For each organisation using TrustVault, there are up to 2 Wallets by default (this number can be upgraded based on organisational need). Inside the Wallet, you can have as many Sub-Wallets as you want, depending on your organisation’s tier in our pricing plan. The Sub-Wallet is chain-specific, so each Sub-Wallet created is for a specific blockchain, such as Bitcoin or Ethereum, which you can select in the dropdown menu when creating the Sub-Wallet in TrustVaultWeb.

An example use case as shown in the figure above, could be that Wallet 1 is utilised for client accounts and each respective sub-wallet within that wallet is a client’s assets. Wallet 2 could be the organisation's Treasury wallet. As TrustVault only ever uses segregated accounts, this is an ideal set-up for ensuring the segregation of funds and better organisation for businesses.
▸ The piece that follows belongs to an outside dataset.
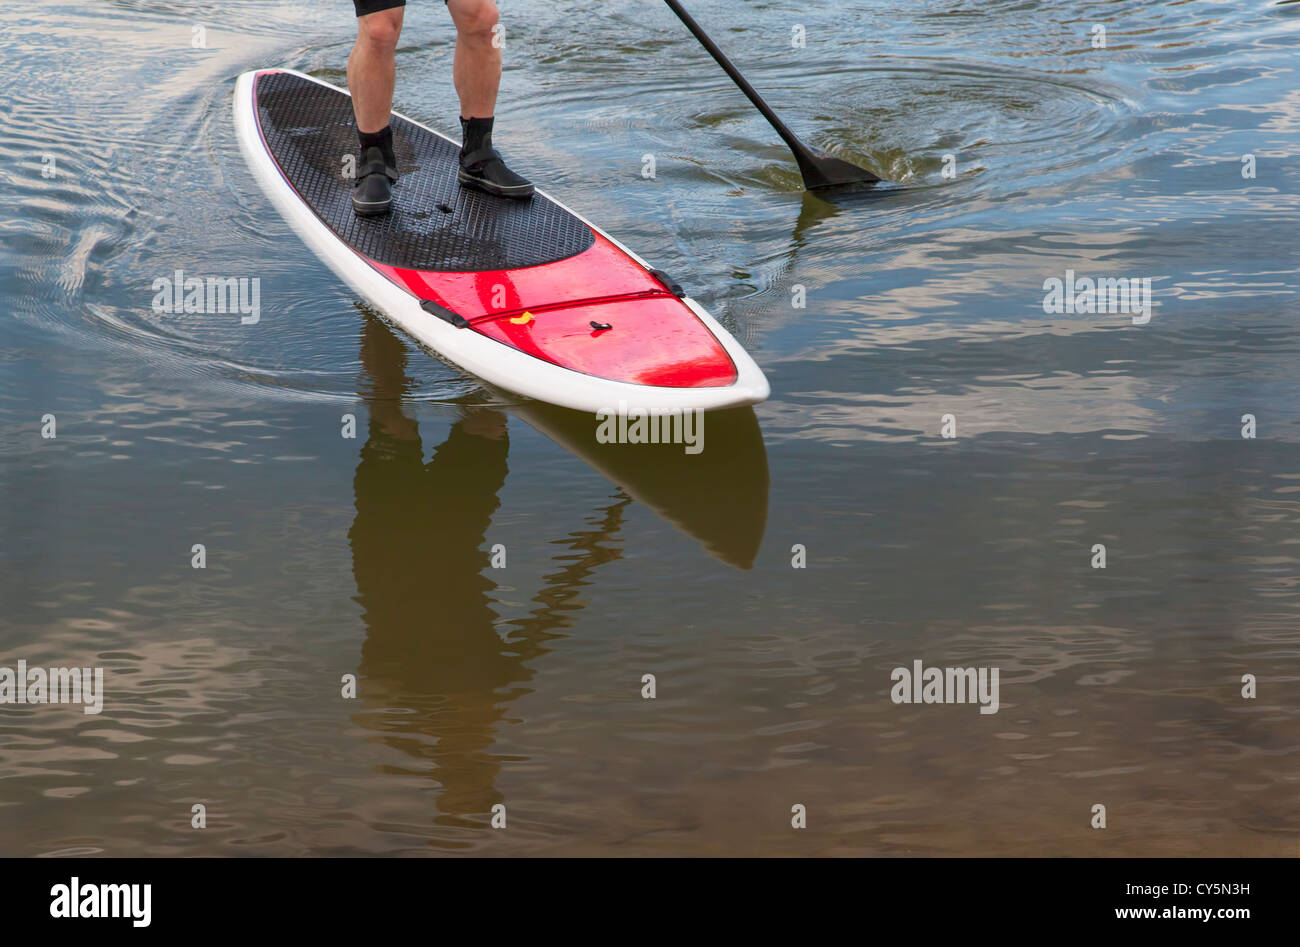 paddling stand up paddleboard on a lake - feet and legs of male paddler Stock Photo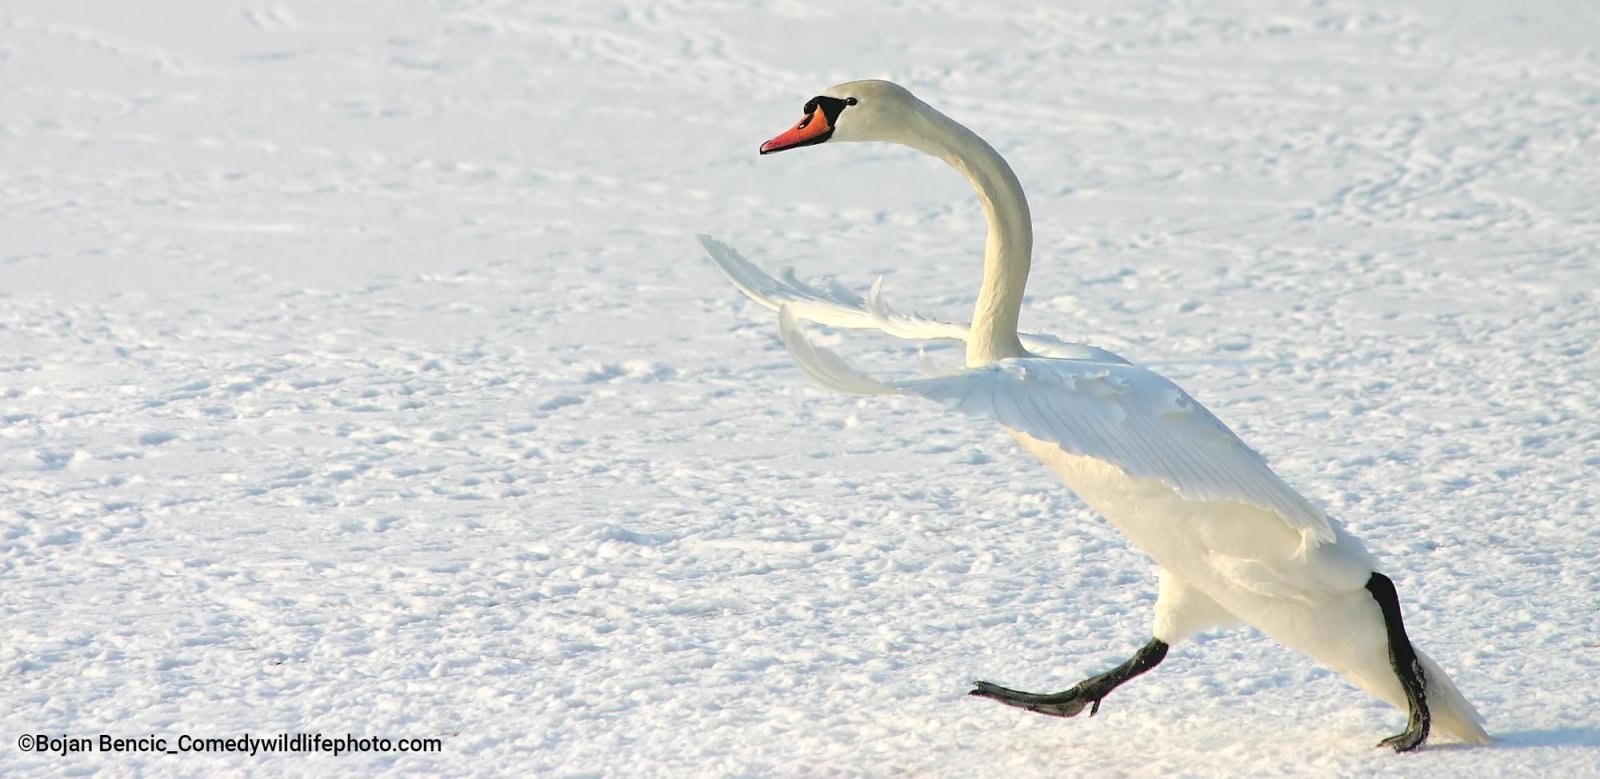 A swan runs across a frozen lake with its wings outstretched.

For more details on Wallet structures, read this help article.

Policies

The Policy associated with a TrustVault Wallet determines who needs to sign a transaction. This Policy can be a complex structure of AND and OR combinations of quorum groups, where each quorum group specifies a minimum number of signers from a group of keys. For example you could have a policy that specifies:

(2 of 5 ops users AND 1 of 3 admin users) OR (2 of 3 admin users)

In this scenario the "ops users" and "admin users" are just arbitrary groups and your organisational structure may be simpler or possibly even more complex. Our Policy language enables us to match your organisational structure.

The keys referred to above generally correspond to the key held in a user's iPhone Secure Enclave (often called the device publicKey) and our automatically accessed via the TrustVault app.

However, in some scenarios, for added flexibility and control, the key may be managed by a computer system. We call this API based signing (or external signing). Bitpanda Custody uses this functionality to provide our co-signing service to extend the Policy language to include features like Threshold and Allow List functionality. A policy that incorporates these features might be written as:

(2 of 3 users) OR (1 of 3 users AND threshold < $10000 AND recipient in allow list)

The ability to set complex policies is available on our TrustVault Tiered plans from Tier 3 and above.

Co-signing service

Briefly, the co-signing service is a Bitpanda Custody operated service that is given permission within a wallet Policy to sign a transactions. The beauty of the co-signing service is that it can sign (or not sign) based on rules allowing the flexibility of Policies to be expanded further.

Spending Rules

The ability to add a set of rules via the co-signing service gives TrustVault institutional users flexibility and control over their spending rules. This additional security allows you to control things like:

  • who can sign transactions,

  • how much can be transferred, and

  • which addresses are allowed to receive funds

  • which Ethereum contract method calls are signed

  • almost anything that can be determined from the transaction

We continue to expand the set of policy rules that are available "out of the box" (you can view them here), but for bespoke situations where our rules do not suit your use case you can utilise the API based signing functionality and our example co-signing-service code to implement your own custom rules or talk to us about implementing them for you.